Jones initially sets up Ctrl+Z as a platform to discuss ways in which to move forward so that we may all have a right to be forgotten, if we so choose. Aside from the concerns of censorship, Jones acknowledges that the affluent have an easier time shooting an email off to, say, Reputation.com than others. If you want any of your bad stuff to be scrubbed from the internet, you have to pay for it. Then again, scrubbing something away completely is a privilege that few enjoy.
The best that a company such as Reputation.com can do is to simply overwhelm the blemishes with a large amount of positive content. Jones briefly acknowledges a group of well-meaning people who simply think that we will all outgrow this foolishness and that we, the accusers, will learn to place the ugly content uploaded by the accused in its proper time and context. Jones is being generous when she calls it a “nice idea”, because people know all too well that altruistically-inclined social change just takes too long. So what can we do in the meantime while we all wait to grow up and mature?

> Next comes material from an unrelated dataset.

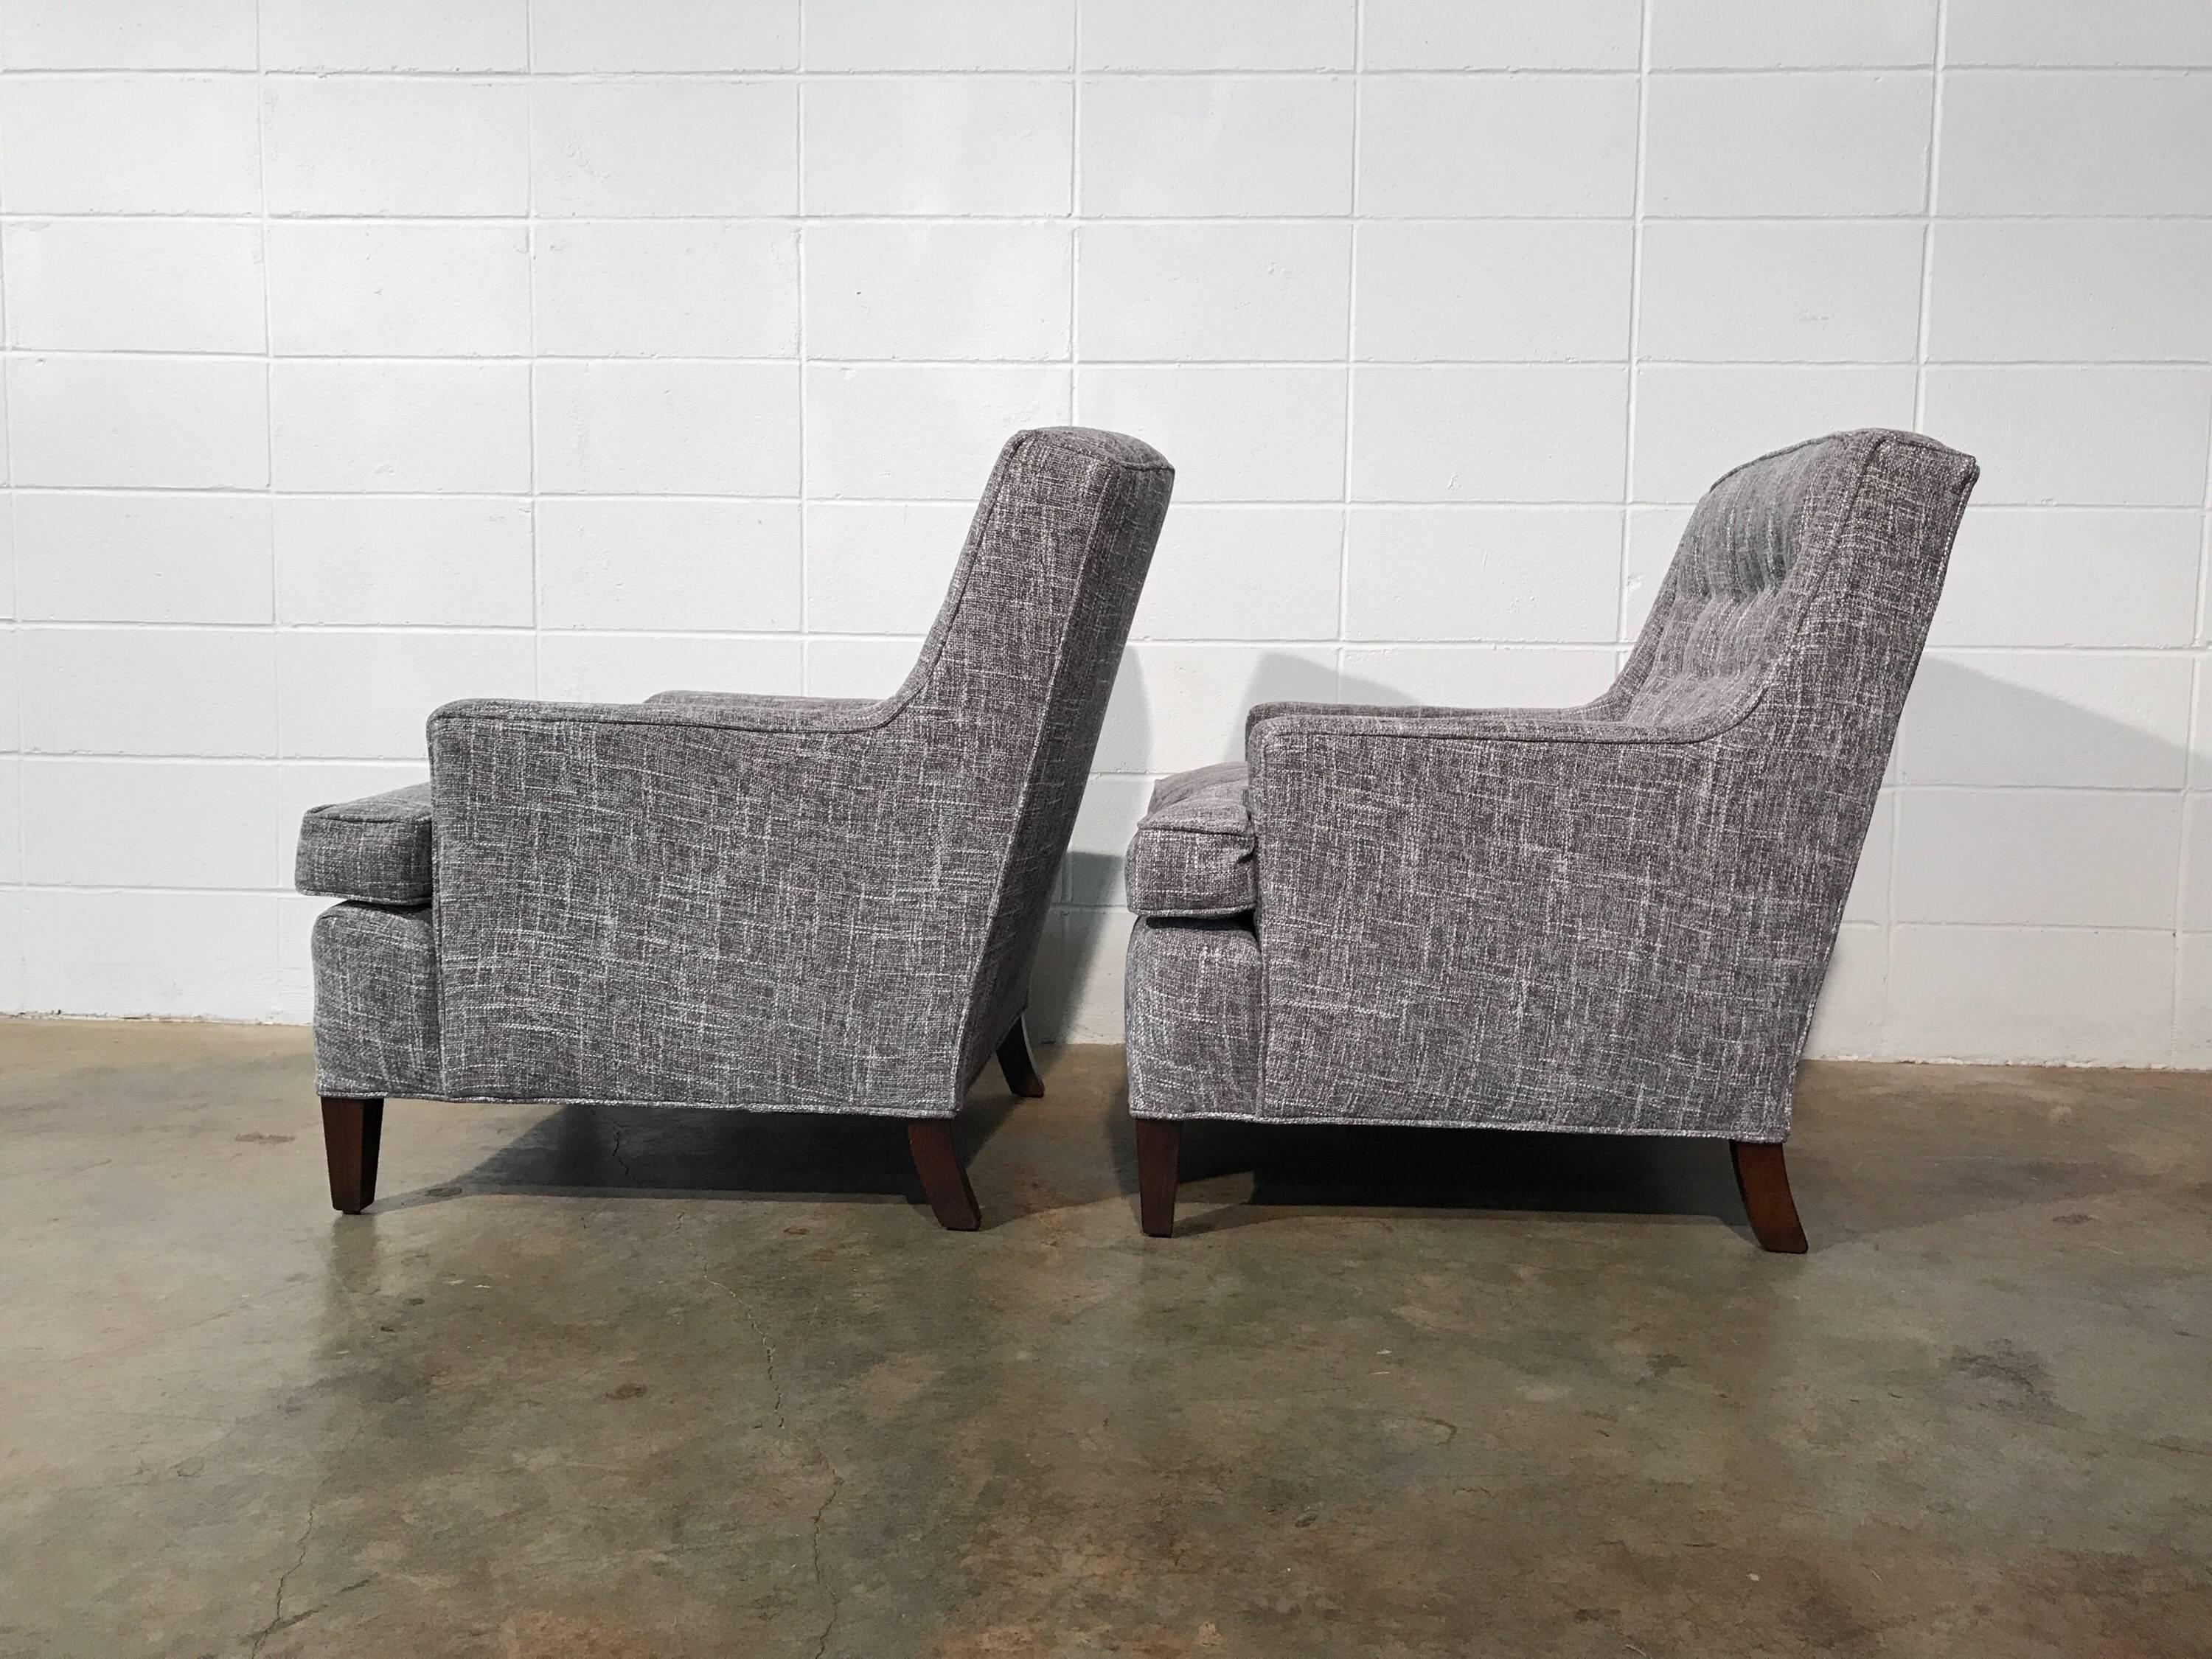 American Pair of Restored Mid-Century Modern Lounge Chairs, Gray Upholstery

Good question. If there’s one thing that Ctrl+Z has going against it, it’s that it’s a highly academic book written by an academic for academics; thus, it reads rather insular and dry. Still, it advocates that online privacy is a pressing issue, but the United States government just keeps procrastinating on the matter. As important as the issue is, it just doesn’t appear to be on many people’s minds—yet.
While we wait, Ronson’s book, So You’ve Been Publicly Shamed, puts internet shaming on the table, squarely in front of you. The case studies in this book, aside from that of Jonah Lehrer’s, could easily be you. Jones and her book, after citing many similar cases and articles, puts internet shaming in your local law library. In this light, the issue of internet shaming becomes as cold and distant as tax codes. This can be perceived as a good thing, since it gives the Right to Be Forgotten considerable legal weight. At the same time, it doesn’t make it very accessible to the layman.
Instead of grabbing a shovel and digging for some clear solutions, however, Ctrl+Z is content to prowl the perimeter of the dig site with a garden spade. From the third chapter on, Jones waxes metaphysical on the essence of privacy, the internet as garden-variety ephemera, and an ever-shifting idea of information “stewardship”. If we want to get to the heart of the Right to Be Forgotten, Jones merely suggests we bone-up on the privacy laws already passed in Europe.
Jones concludes with this cautionary sentence: “Before you delete your next Facebook post, tweet, blog, comment, email, set of cookies, or chat, consider whether you are destroying history or exercising your power to participate in your digital identity.” If anything, as things stand now, my aforementioned friend has job security for the forseable future.